### REQUIRED ACTION:
Copy every line of the entries that has the string "background" in it.

### GIVEN DATA:
********************

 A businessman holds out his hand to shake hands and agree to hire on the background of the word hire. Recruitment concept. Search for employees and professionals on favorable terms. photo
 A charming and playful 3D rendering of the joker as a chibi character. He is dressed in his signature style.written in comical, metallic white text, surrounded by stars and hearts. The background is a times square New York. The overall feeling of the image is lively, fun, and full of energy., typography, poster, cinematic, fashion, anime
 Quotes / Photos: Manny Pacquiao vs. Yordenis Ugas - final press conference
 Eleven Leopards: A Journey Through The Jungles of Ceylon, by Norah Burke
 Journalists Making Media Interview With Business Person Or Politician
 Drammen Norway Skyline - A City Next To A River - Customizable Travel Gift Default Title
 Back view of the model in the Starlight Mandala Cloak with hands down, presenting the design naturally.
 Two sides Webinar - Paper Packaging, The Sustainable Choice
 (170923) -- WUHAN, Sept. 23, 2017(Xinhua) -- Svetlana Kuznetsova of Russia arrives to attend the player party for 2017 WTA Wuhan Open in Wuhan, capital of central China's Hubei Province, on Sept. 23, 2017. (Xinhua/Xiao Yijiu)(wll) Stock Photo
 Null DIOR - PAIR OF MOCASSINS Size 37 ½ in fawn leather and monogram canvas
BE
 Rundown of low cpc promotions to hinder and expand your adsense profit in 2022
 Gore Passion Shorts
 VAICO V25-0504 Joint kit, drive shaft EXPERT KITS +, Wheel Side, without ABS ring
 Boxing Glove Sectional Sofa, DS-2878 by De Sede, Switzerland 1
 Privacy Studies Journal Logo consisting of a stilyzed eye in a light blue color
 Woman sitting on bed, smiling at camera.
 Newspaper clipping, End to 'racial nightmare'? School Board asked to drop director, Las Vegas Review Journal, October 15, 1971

********************

### EXPECTED ANSWER:
 A businessman holds out his hand to shake hands and agree to hire on the background of the word hire. Recruitment concept. Search for employees and professionals on favorable terms. photo
 A charming and playful 3D rendering of the joker as a chibi character. He is dressed in his signature style.written in comical, metallic white text, surrounded by stars and hearts. The background is a times square New York. The overall feeling of the image is lively, fun, and full of energy., typography, poster, cinematic, fashion, anime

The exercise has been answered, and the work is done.